Вдохнув побольше воздуха, Аглая решила, что проживёт этот день так же безмятежно, как и планировала, посвятив всю себя детям и веселью. И она побежала к близнецам, сбросив босоножки где-то у дерева. Шелковистая трава шекотала ей ноги, а мягкая земля пружинила под ней, помогая бежать беззаботно и легко. Снаружи Аглаша была вся исполнена заразительным весельем, и только внутри неё тихонько звучала непрерывная молитва за мужа. Только бы вернулся, только бы был здоров!
3
Игорь сидел в стерильно пустой комнате. В ней были только стены и единственный, занятый им же стул. Ни окон, ни зеркал, никакой другой мебели. Только давящая пустота. Она словно сообщала ему: «Ты мой пленник. Если не повинуешься здешним правилам, так и проведешь остаток своих дней в моих безмолвных стенах!» Личные вещи у Игоря забрали, и он не мог ничем отвлечься или что-то написать. Это по-настоящему, ощутимо угнетало, как и полная неизвестность, в которой он пребывал вот уже несколько часов. Время тянулось и тянулось, переливаясь в бесконечность. Но у Игоря не было даже часов, чтобы хоть как-то следить за движением минут. Поскольку окон в комнате не было, трудно было понять даже, какая часть дня наступила или окончилась. Ровный, искусственный свет был неестественно ярким и нигде не давал укрыться от него: как ни поверни стул, почему-то в лицо светило одинаково резко и неприятно. Игорю вдруг вспомнились животные из контактных зоопарков времён его детства. Как же хорошо, что их давно запретили! Бедные звери целыми днями томились под такими же яркими лампами, не находя ни отдыха, ни укрытия. Прибавить к этому световому давлению ещё и постоянное присутствие посторонних людей, их касания и шум, и любой зверь проживал недолгую, полную дискомфорта жизнь. Теперь только Игорь ощутил в полной мере, как это ужасно быть пленником, когда кто-то может решать, быть тебе свободным или нет, жить или не жить, чем заниматься и когда спать.

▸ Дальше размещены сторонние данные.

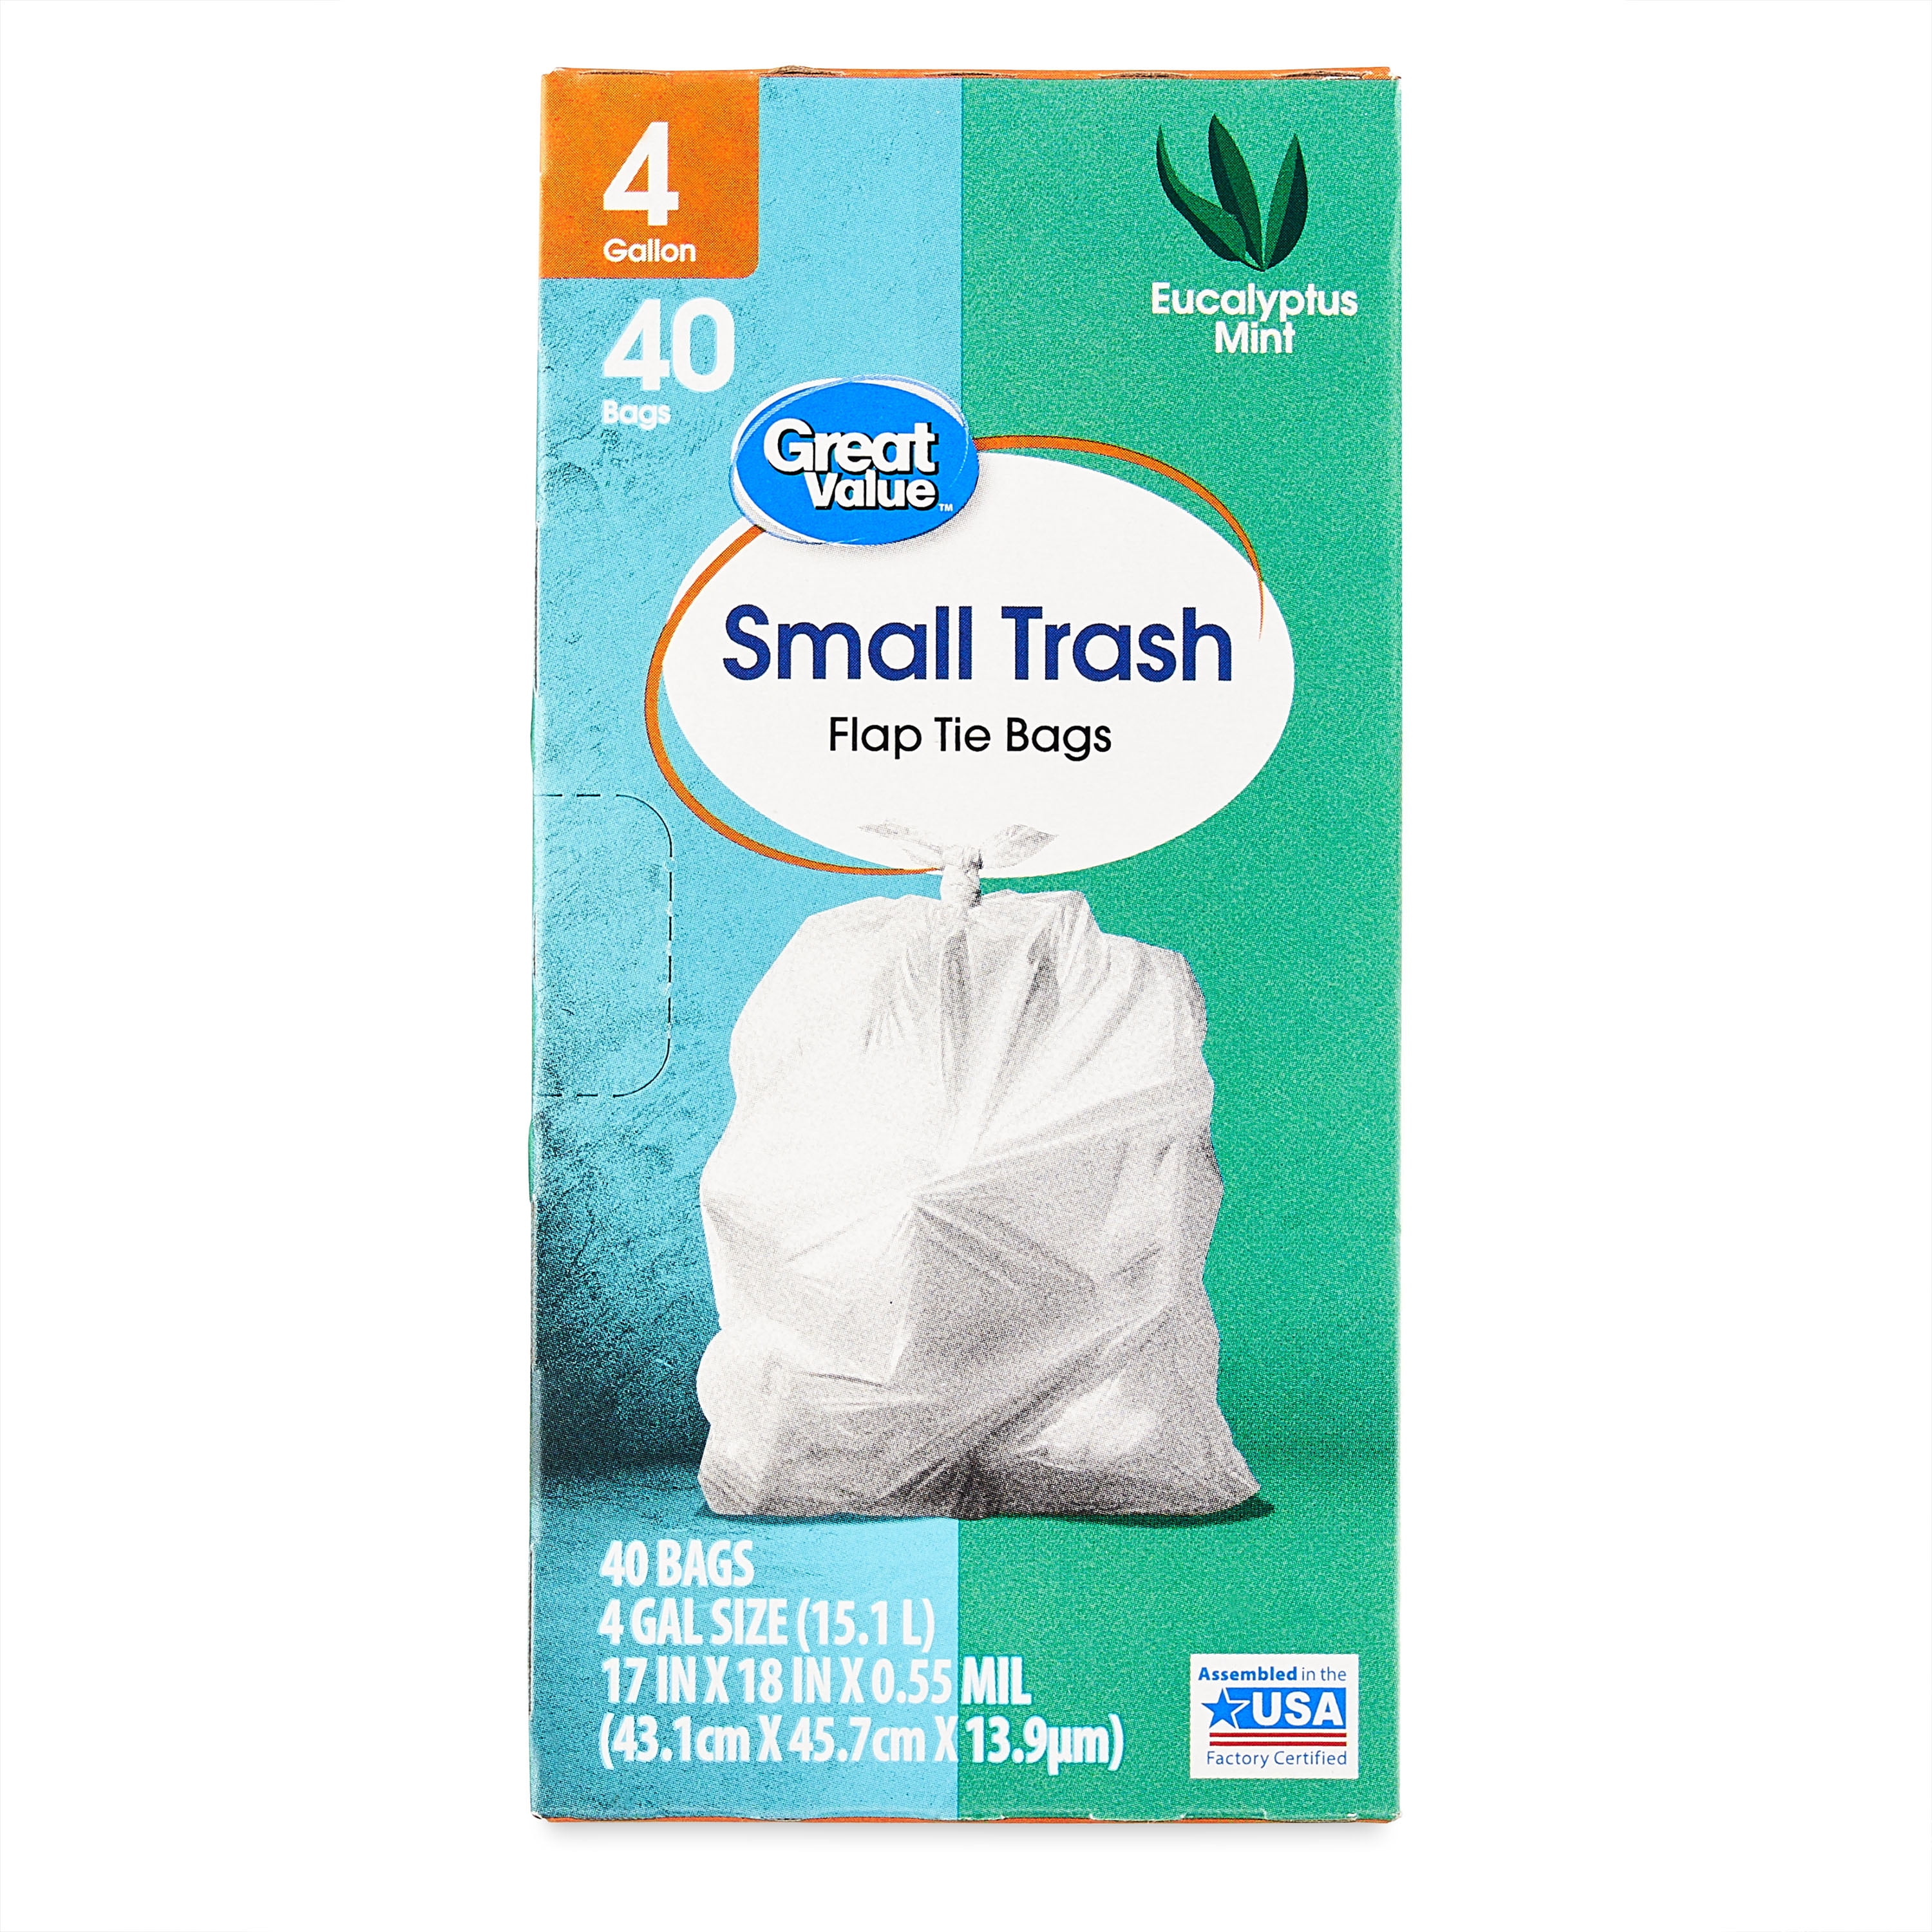 Great Value Small Flap Tie Trash Bags, Eucalyptus Mint Scent, 4

Главной его радостью сейчас были мысли об Аглаше и детях. О том, как сильно он им нужен и как важно оградить их от всего этого. От давления, пренебрежения к частной жизни, от этой формальной и слепой агрессии, выраженной в том, что любой человек был лишь винтиком и не имел никакой ценности. Игорь вспоминал свою Аглаю: нежную и беззащитную, дерзкую и решительную, страстную и любознательную до всего в жизни. Она была такой разной! Но неизменно нуждалась в нём и всегда делилась с ним всем своим опытом и переживаниями. Эти доверие, любовь и забота, годами взращиваемые супругами, нельзя было заменить, никак и ничем. Потому что та цена, которой они были получены, для каждой пары, для каждой семьи была своя. Эти невидимые, но прочные нити, проходящие сквозь любящие сердца жили и пульсировали вместе с ними.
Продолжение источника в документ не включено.